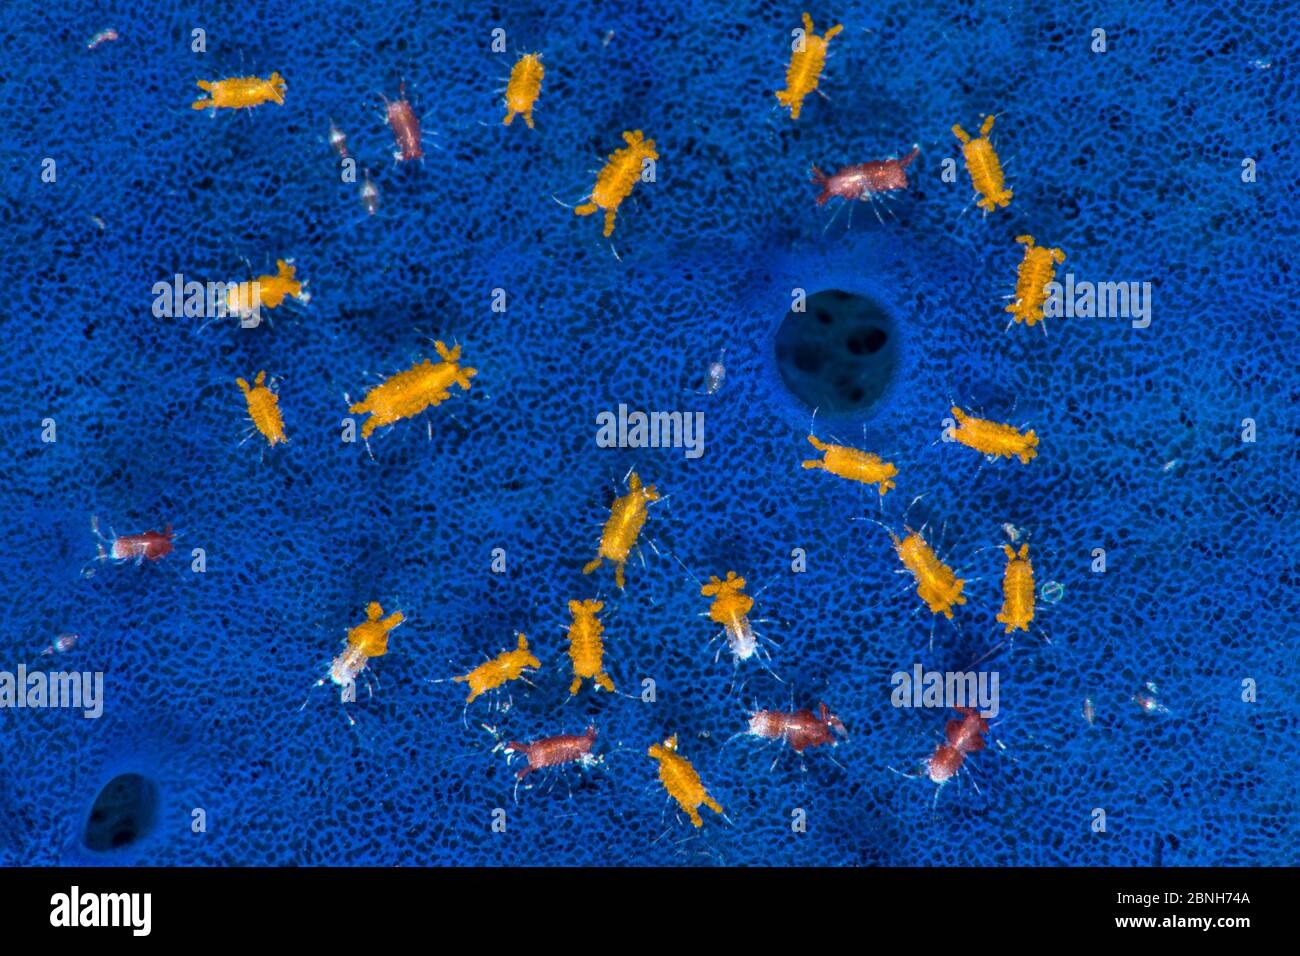 Aggregation von winzigen Isopoden (Santia sp.), die auf der Oberfläche eines blauen Schwamms (Halicrona sp.) leben, gibt es hier zwei Farbvarianten, möglicherweise differe Stockfoto
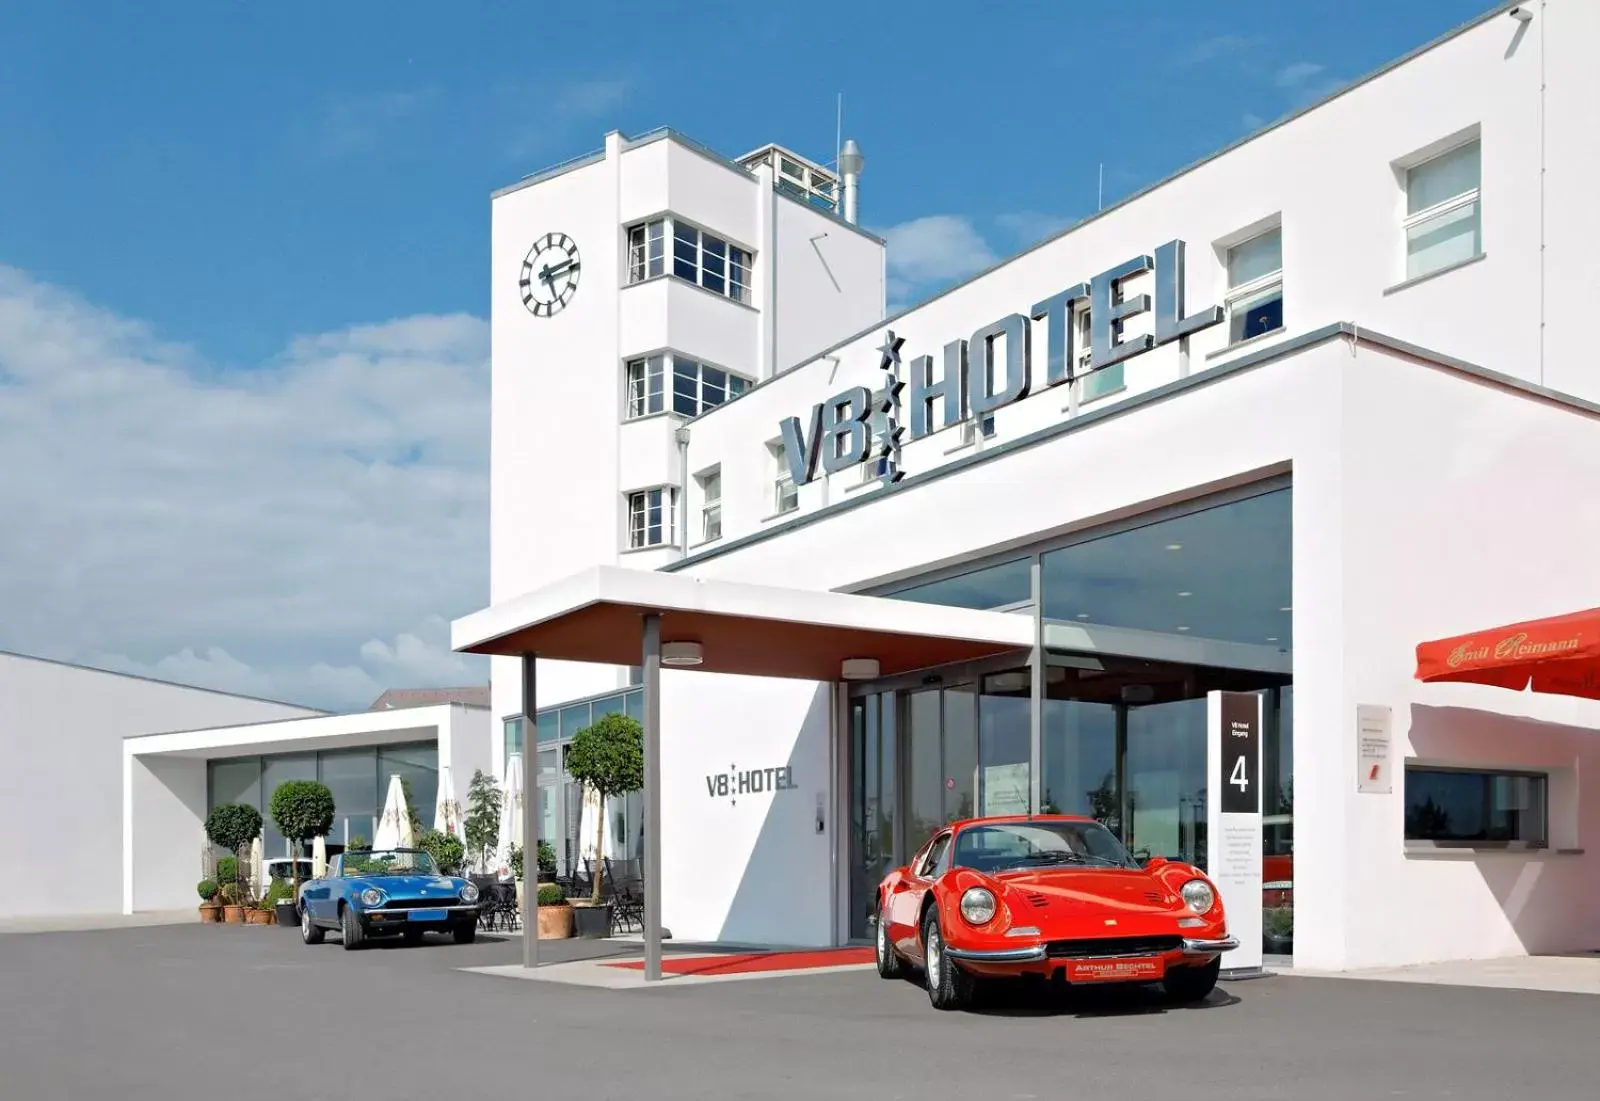 Facade/entrance in V8 HOTEL Classic Motorworld Region Stuttgart
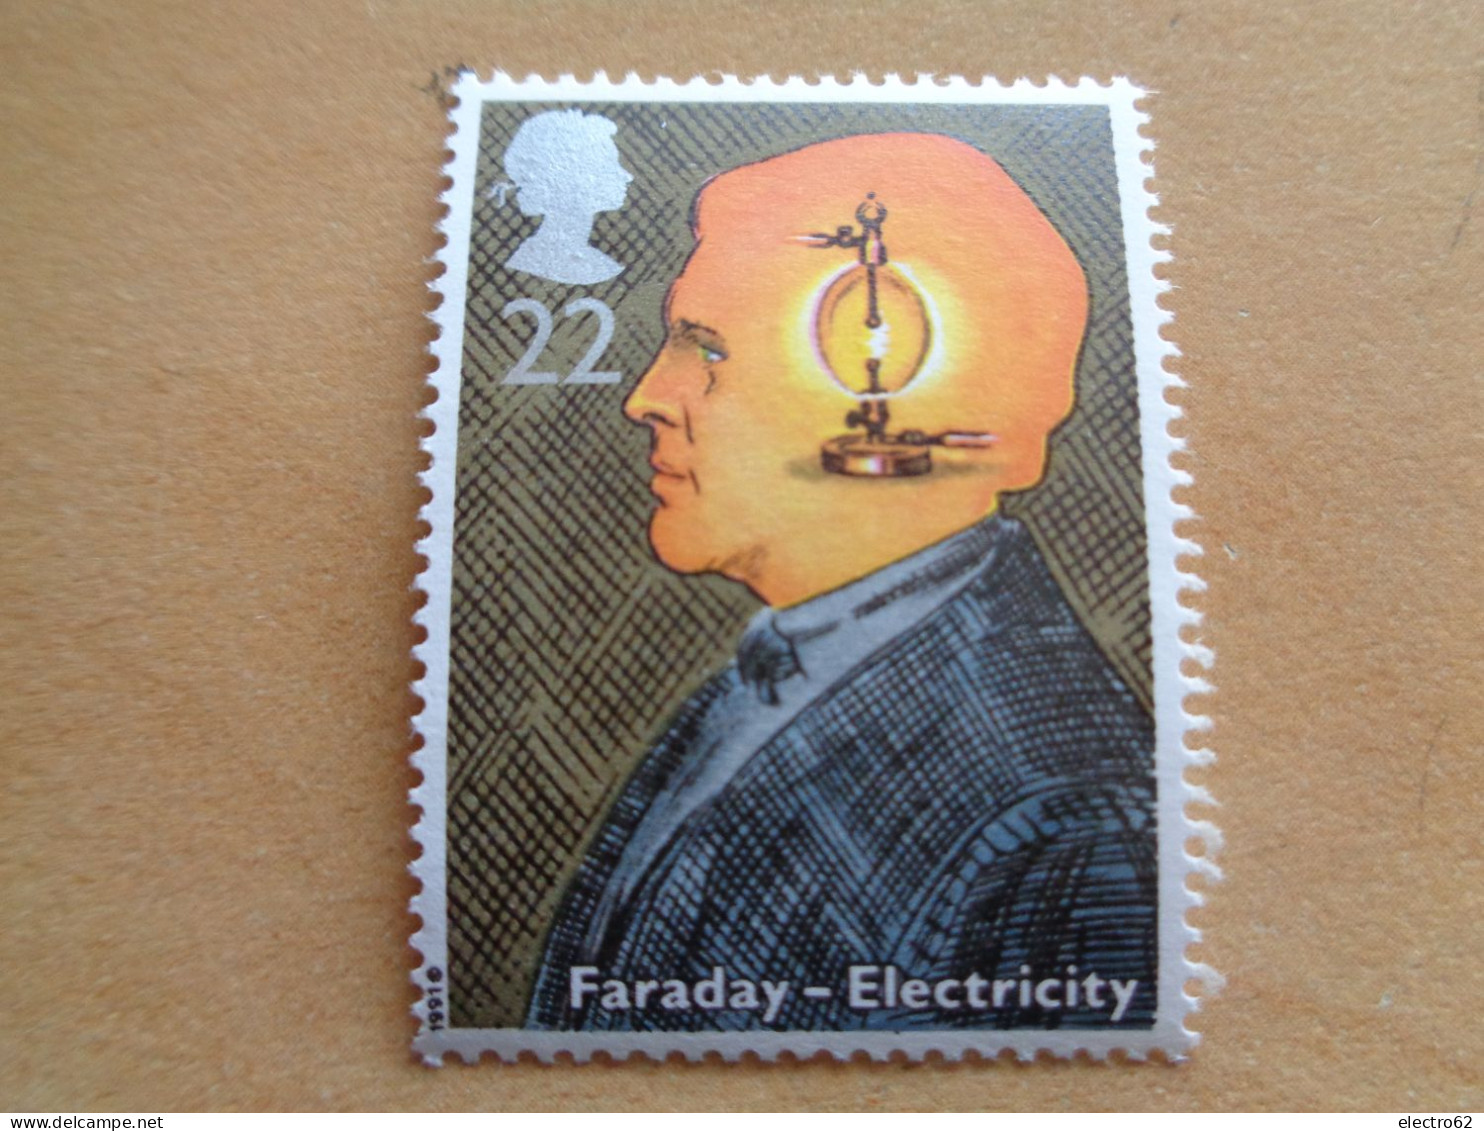 Grande Bretagne Great Britain Faraday électricité Electromagnétisme Electricity Großbitannien Brittannië 1991 Neuf - Electricity
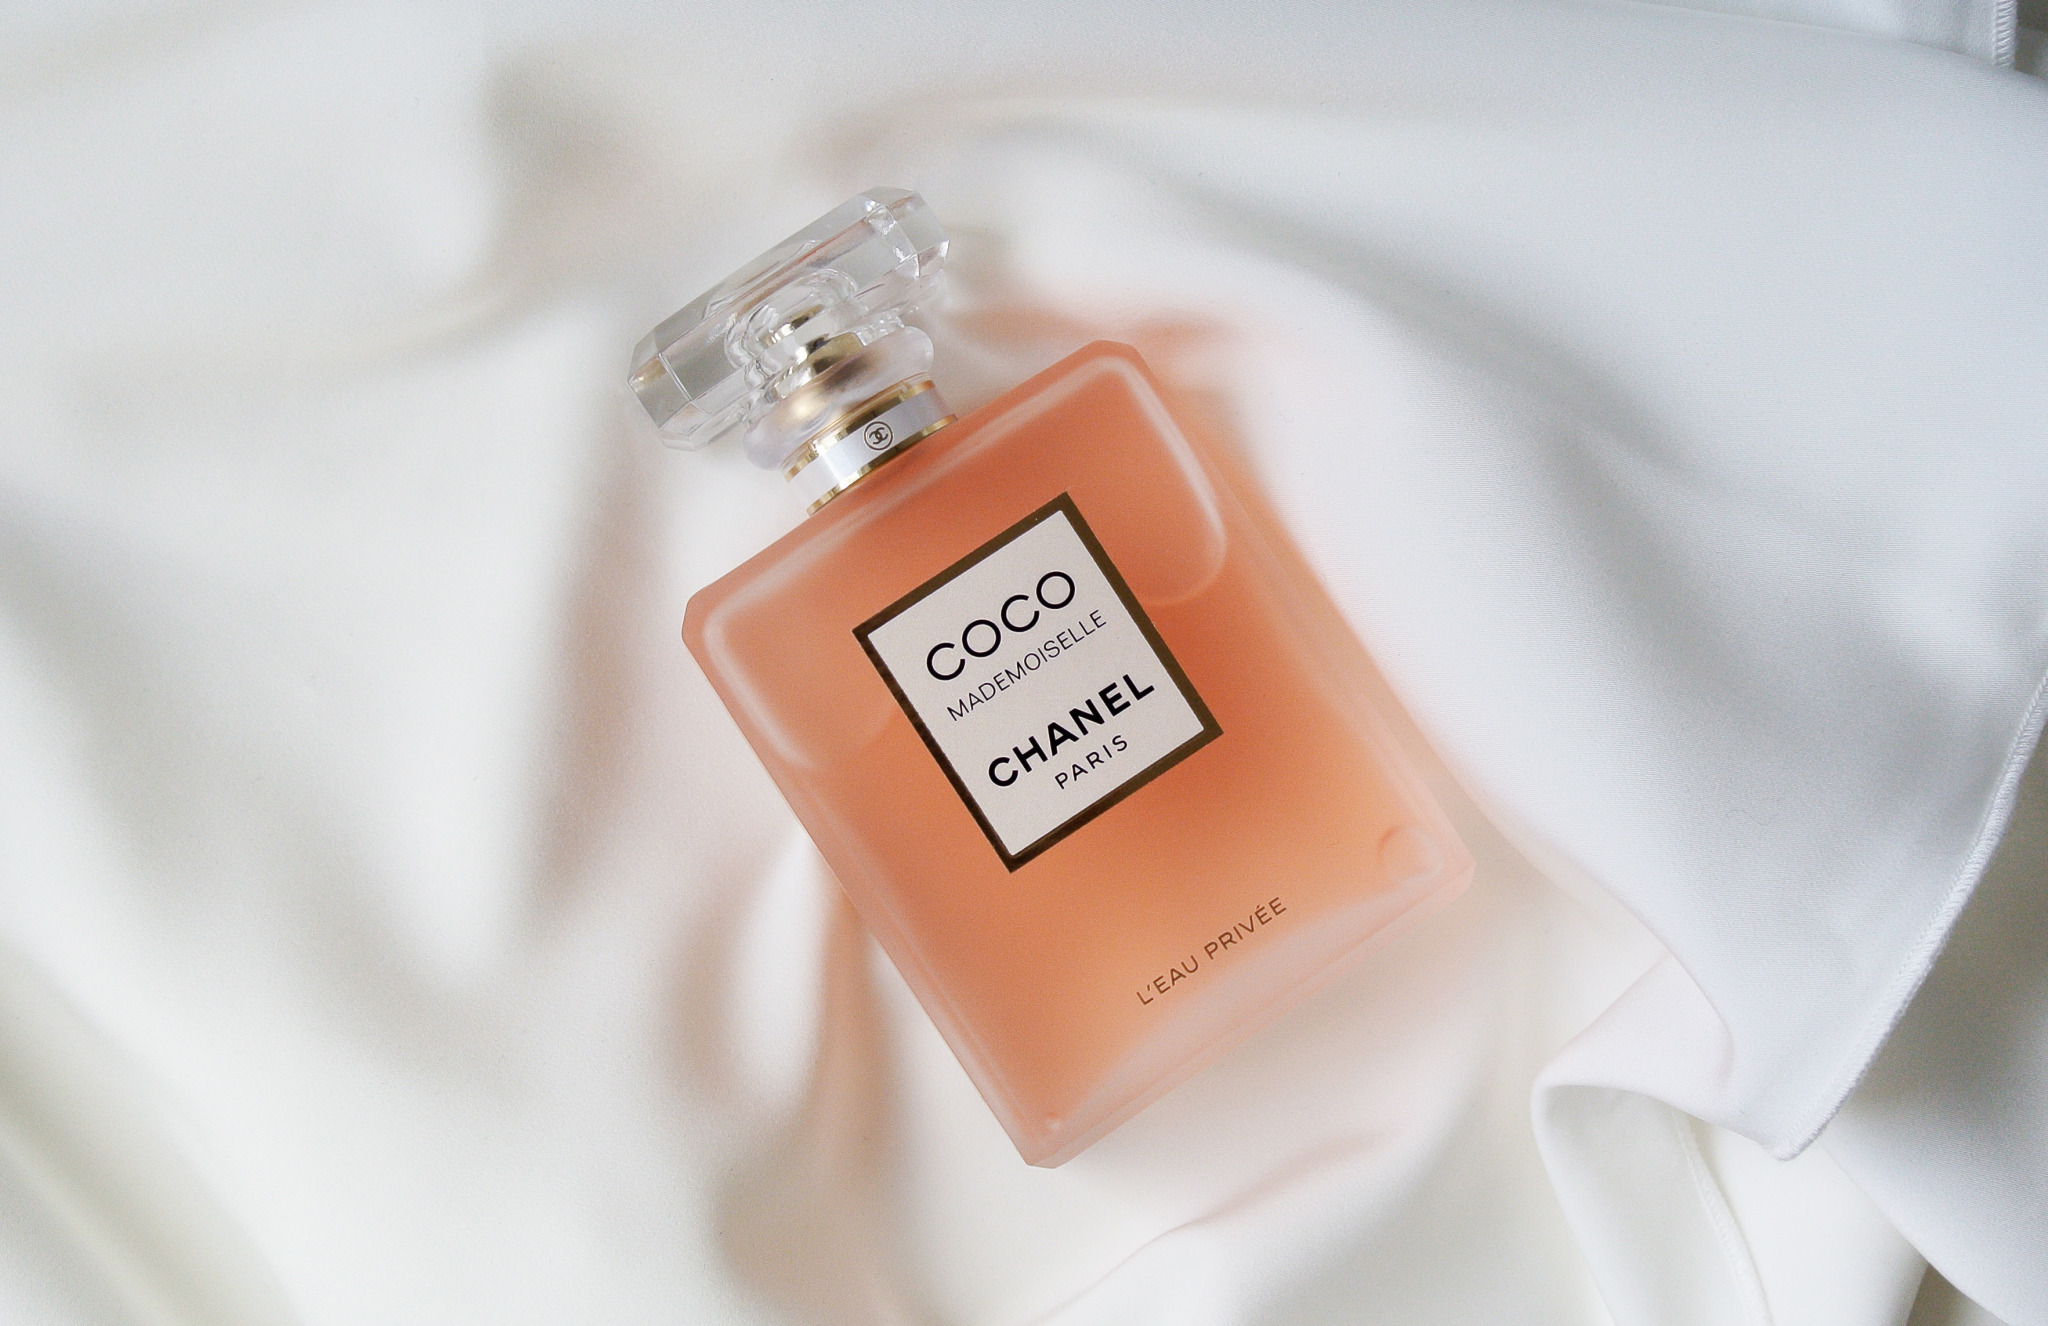 Chanel Coco Mademoiselle L'Eau Privee Eau De Parfum 50Ml
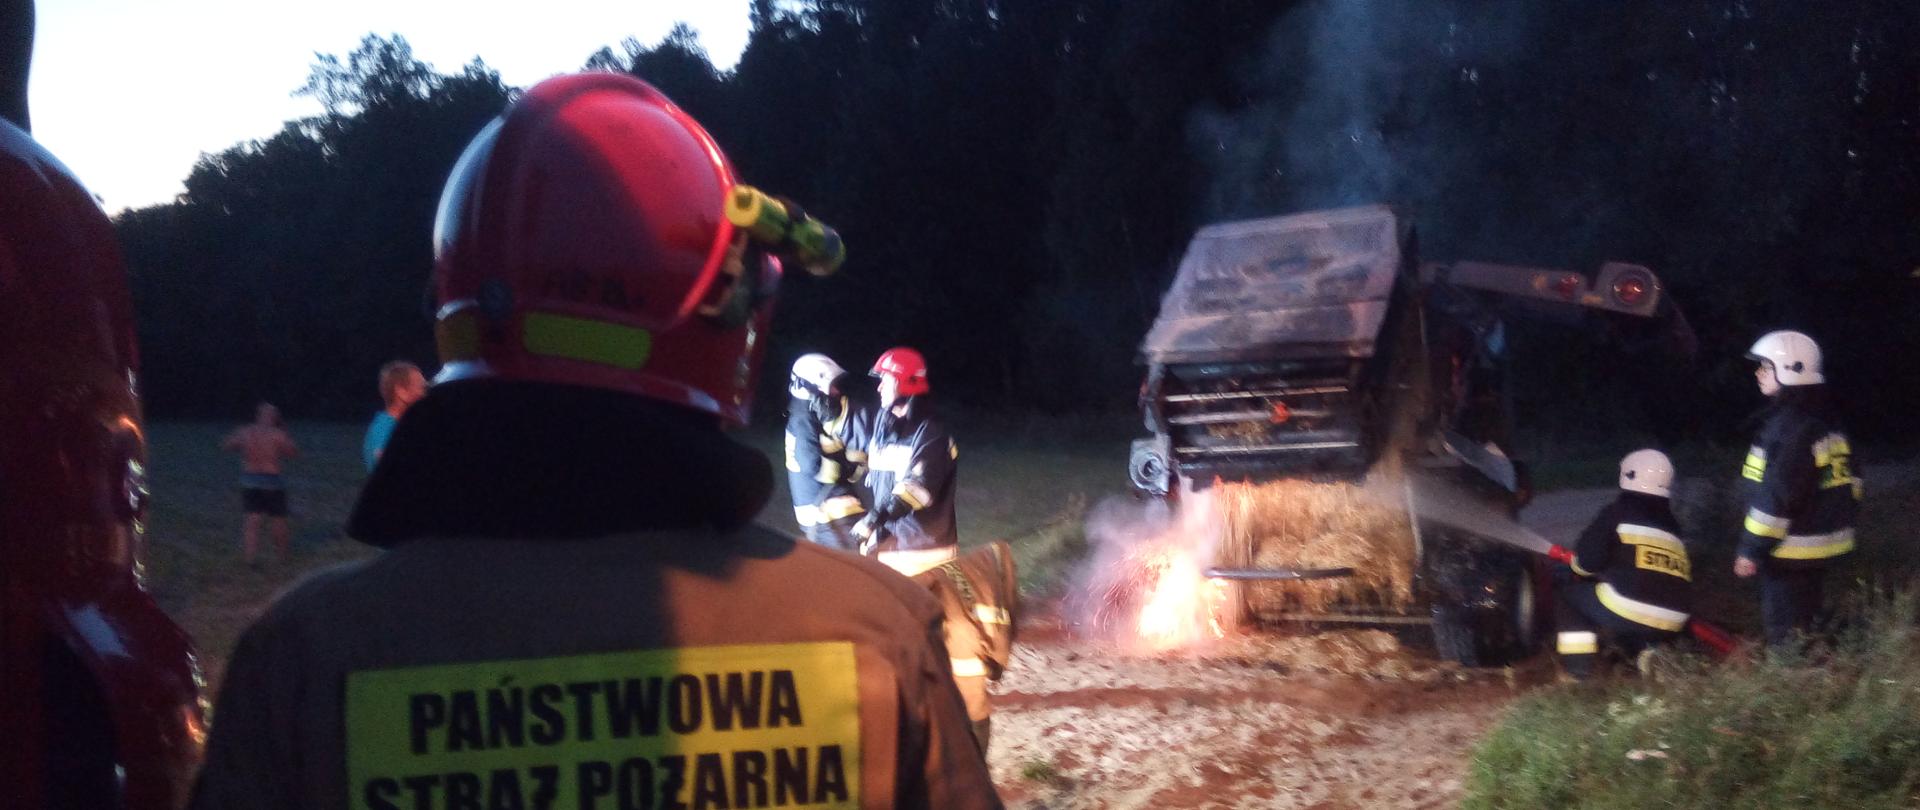 Strażacy podczas gaszenia prasy belującej. Na maszynie widoczne są ślady opalenia. Nad belarką unosi się dym.

══════

THE TASK ::
In your output, repeat the listing above exactly and include none of the pictures.

RESPONSE TO THIS EXERCISE ::
 Aggregation von winzigen Isopoden (Santia sp.), die auf der Oberfläche eines blauen Schwamms (Halicrona sp.) leben, gibt es hier zwei Farbvarianten, möglicherweise differe Stockfoto
 Facade/entrance in V8 HOTEL Classic Motorworld Region Stuttgart
 Grande Bretagne Great Britain Faraday électricité Electromagnétisme Electricity Großbitannien Brittannië 1991 Neuf - Electricity
 Chanel Coco Mademoiselle L'Eau Privee Eau De Parfum 50Ml
 Strażacy podczas gaszenia prasy belującej. Na maszynie widoczne są ślady opalenia. Nad belarką unosi się dym.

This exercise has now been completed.